To take a recent example of hysterical overreaction, consider that the most effective arguments against the USA PATRIOT Act haven’t been logical appeals to the self-interest of the average citizen (who has almost certainly not noticed the act’s effects) but panicky appeals to Big Brother’s slippery slope and other fears that tend to exist more in the mind than in reality. (Proponents of the act have their own habits of chop logic and unreason, which don’t need recapitulating here.) By the same token, Jenkins appears to be dismayed at ballooning rates of incarceration in recent decades. But like civil libertarians, he avoids the question of whether those rates might have something to do with the precipitous drops in violent crime rates during the same period. And it was the Chicken Littles of anti-terrorism and “Islamophobia” who ended up looking prescient after the 9/11 atrocities. I am not defending the prison boom or the PATRIOT Act, merely noting a troubling point about contemporary hysteria: that in many instances the hysterics have turned out to be right, or at least as right as anybody else offering solutions.

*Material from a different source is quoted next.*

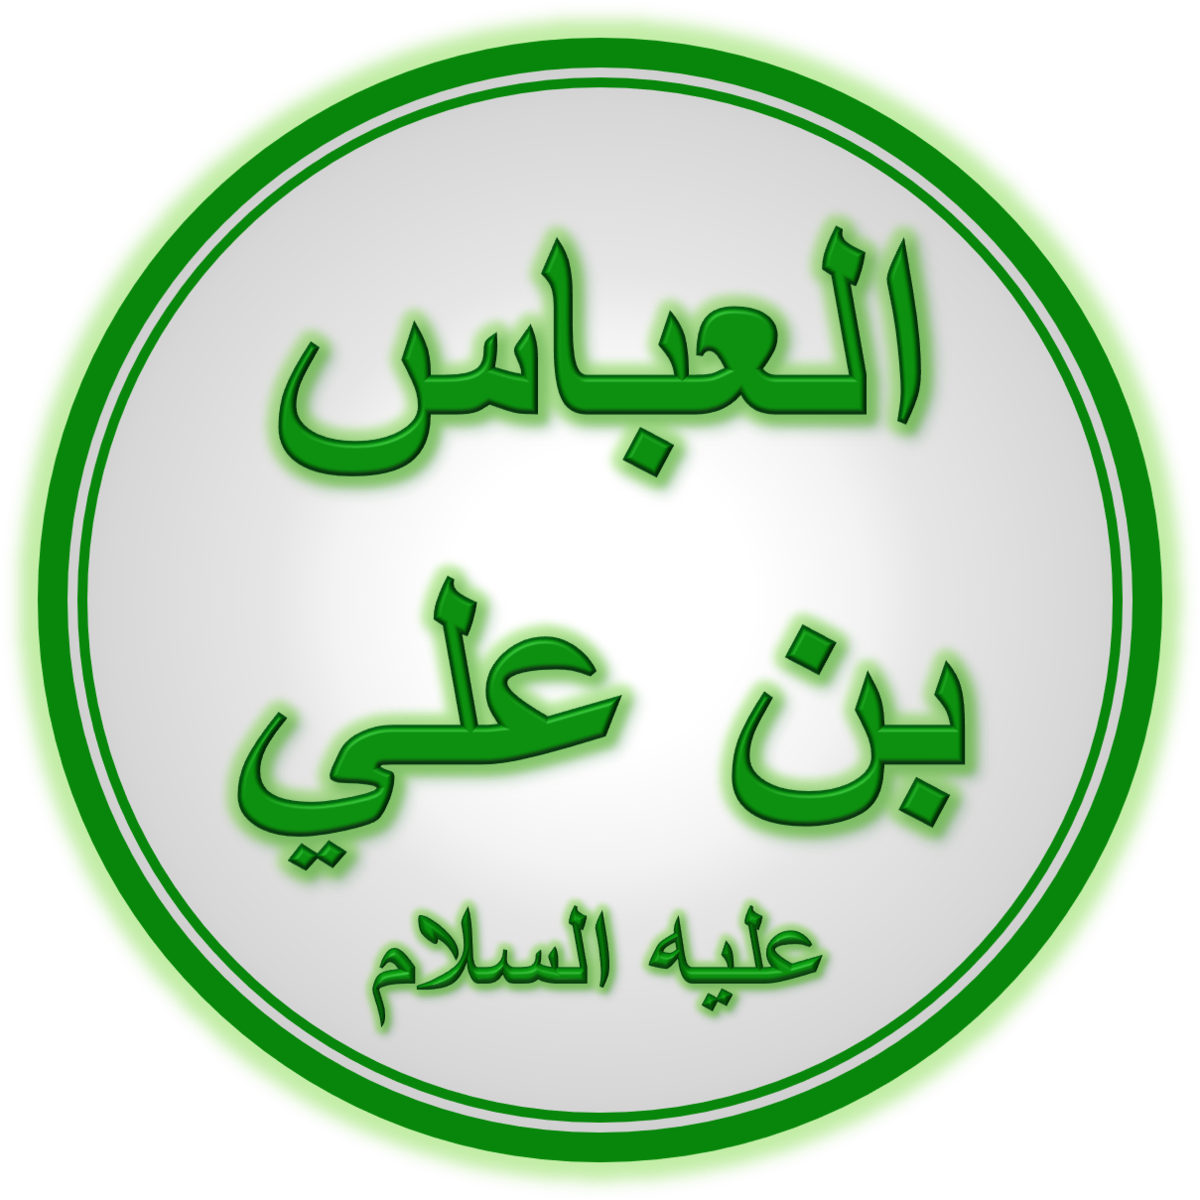 Abbas ibn Ali - Wikipedia
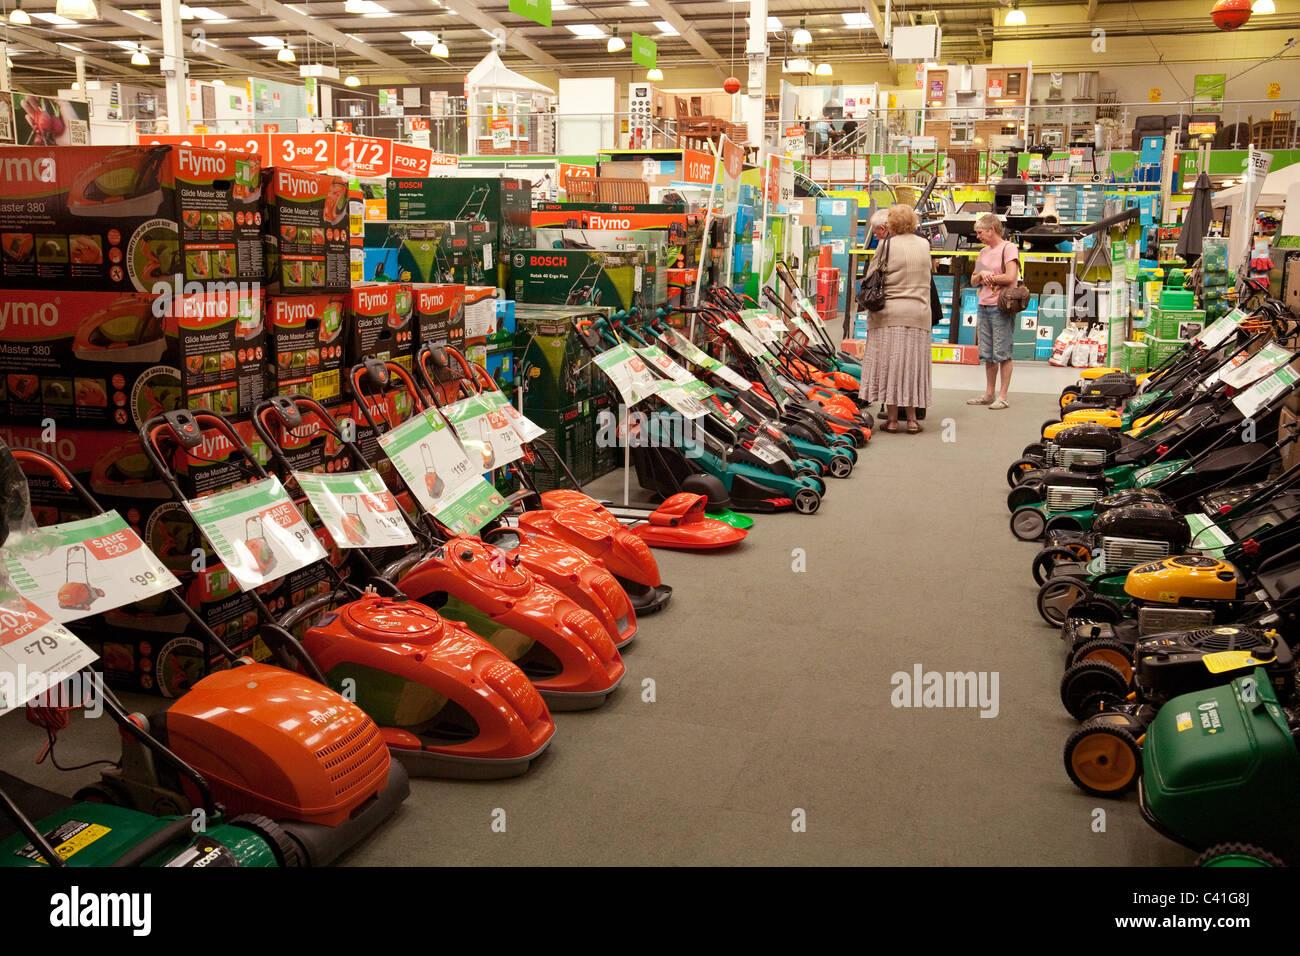 Gardening Store Stock Photos & Gardening Store Stock Images - Alamy

In what may be Decade of Nightmares’ most brilliant juxtaposition, Jenkins compares the psychiatrist figures in slasher movies from two very different eras. At the end of Alfred Hitchcock’s 1960 Psycho, perpetual hothead Simon Oakland is brought in to explain murderer Norman Bates’ pathology in irreproachable psychiatric detail, while authority figures from the church, the state, and the victim’s family listen in rapt silence. (“A psychiatrist doesn’t lay the groundwork,” Oakland intones. “He merely tries to explain it.”) Eighteen years later, John Carpenter’s Halloween ends with perpetual egghead Donald Pleasance being asked if slasher Michael Myers is the bogeyman. The creepy shrink replies that yes, he probably is. You couldn’t find a more striking contrast between the era of technocratic liberalism and the era of conservative reaction.
But there’s another wrinkle here. By 1978, let alone 2006, Oakland’s pseudoscientific display of Freudian skylarking looked not only wrong but laughably stupid and under-informed; the psychiatrist, like so many other authority figures, had by then been recognized as eminently fallible. The bogeyman explanation seems downright scientific by comparison.
The real surprise may not be how silly moral panics of the past look today but how disheveled today’s rational high ground will look in the future.